Input data =
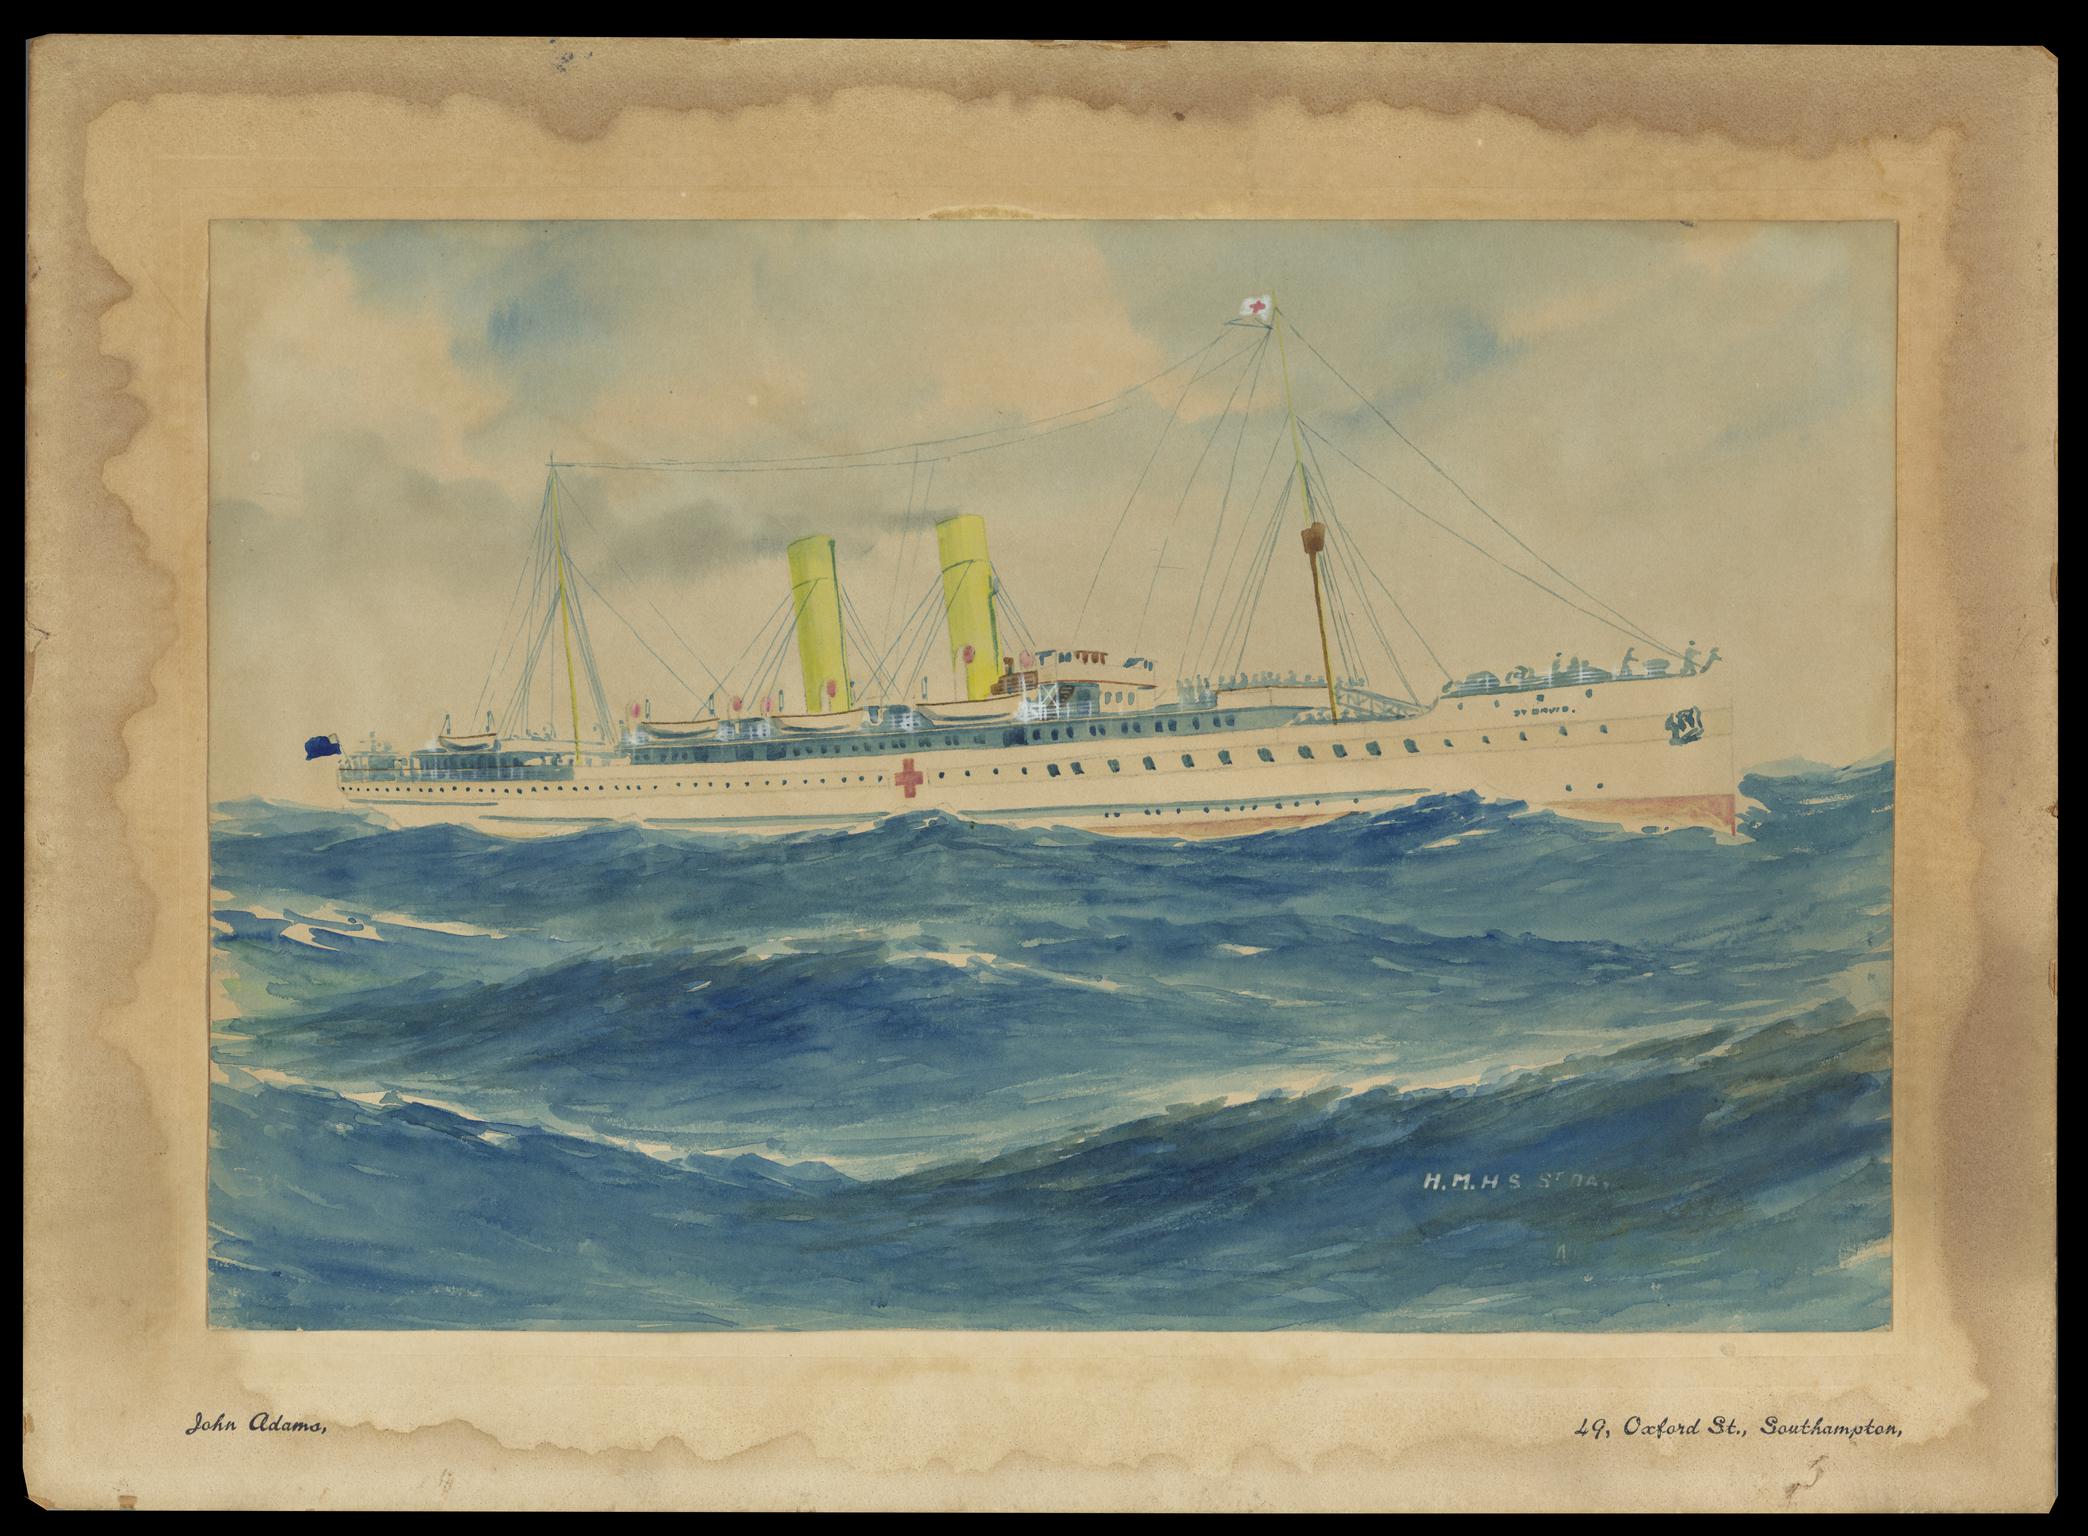 S.S. ST. DAVID - 1st W.W. Hospital Ship (painting)
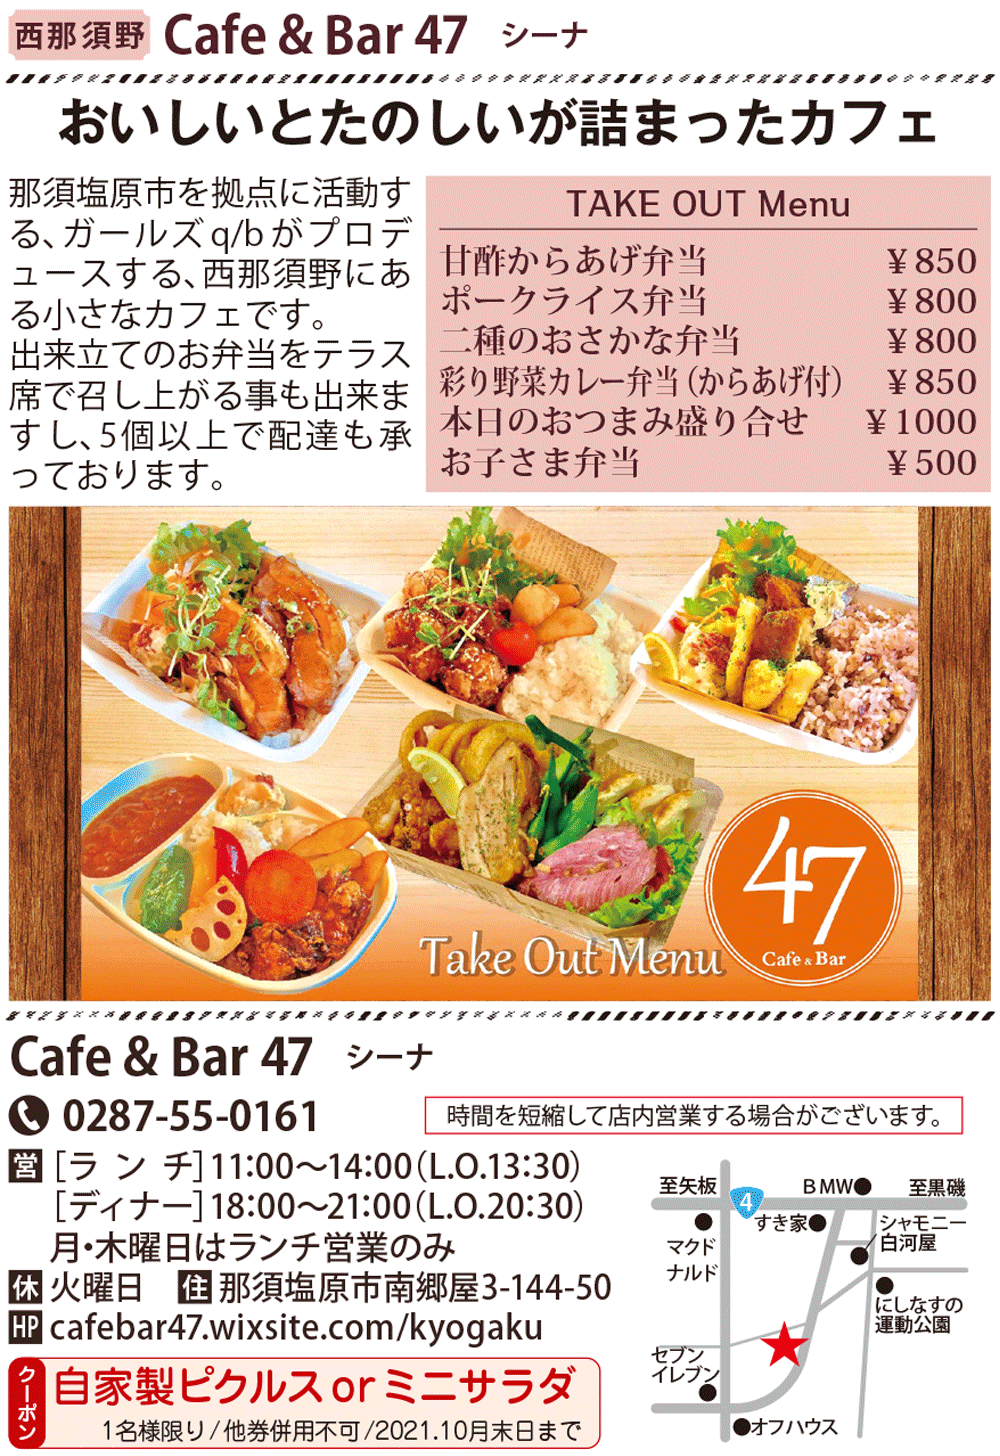 Cafe & Bar 47
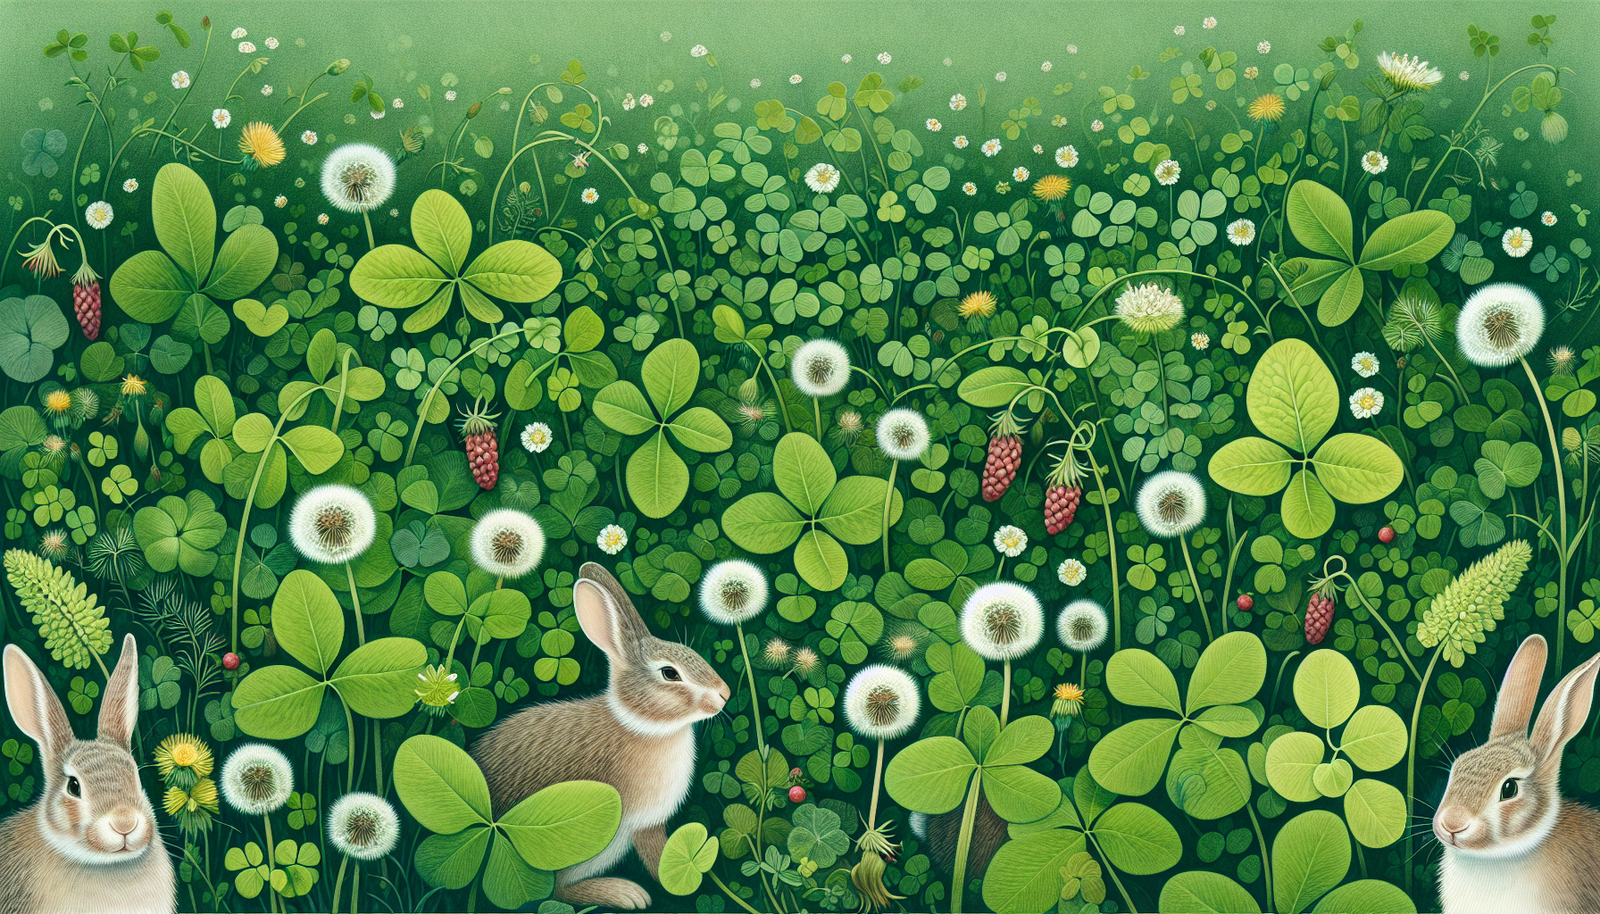 Illustration of a garden with rabbit-friendly vegetation
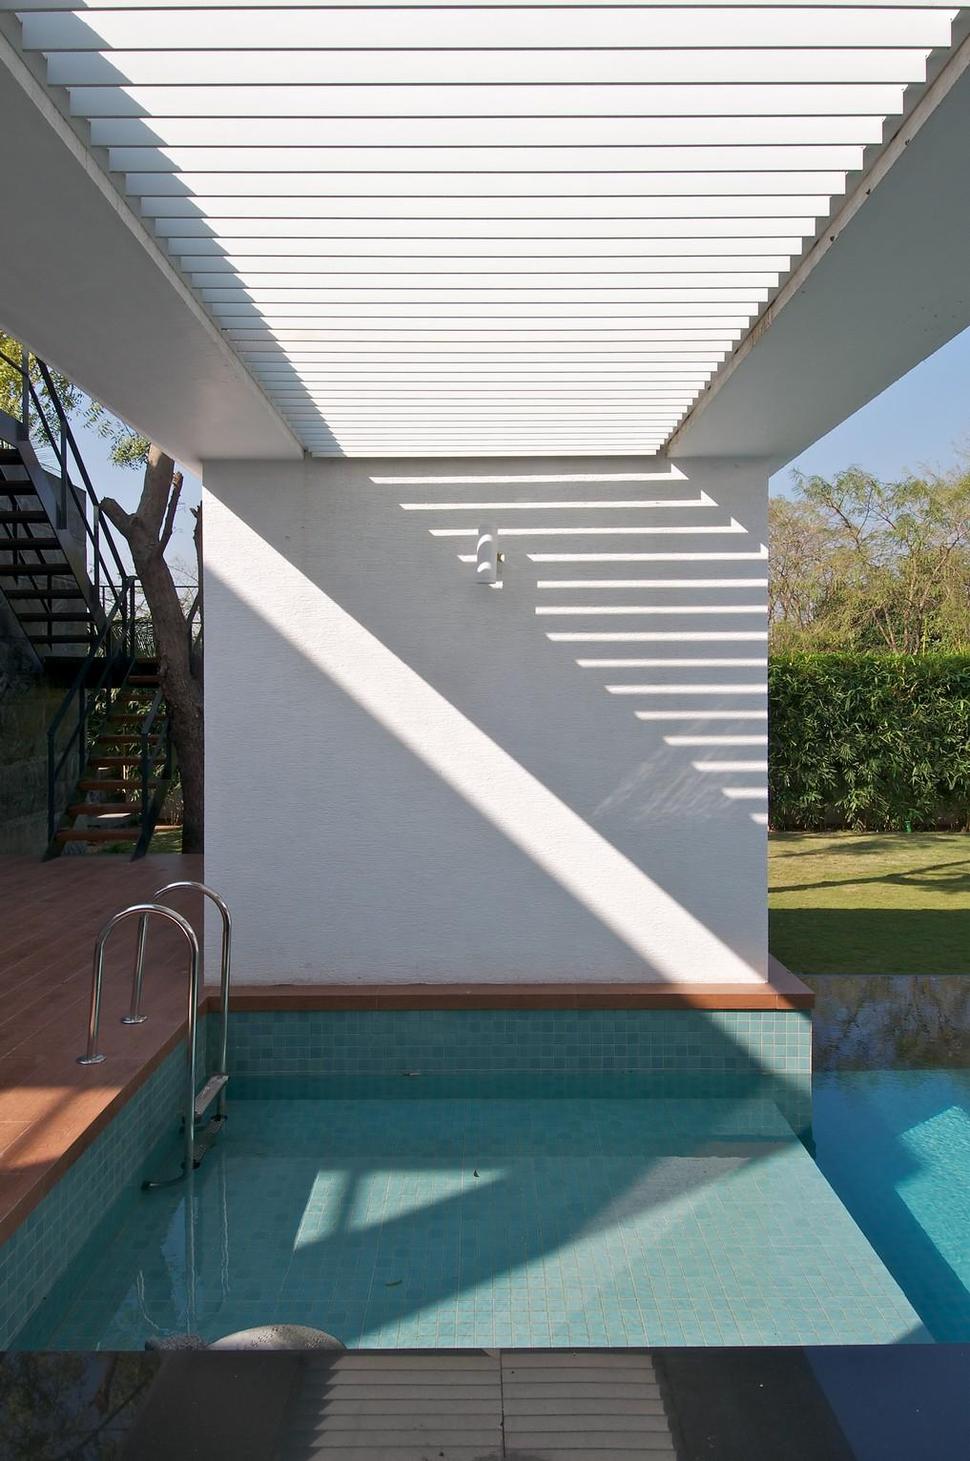 geometri-architecture-creates-artistic-minimalist-statement-10-terrace.jpg

How to complete this task = Starting at the line that holds "Cafe & Bar 47", copy each line exactly through the end of the material above, keeping both ends and dropping the pictures.

Task result =
 Cafe & Bar 47
 Illustration of a garden with rabbit-friendly vegetation
 geometri-architecture-creates-artistic-minimalist-statement-10-terrace.jpg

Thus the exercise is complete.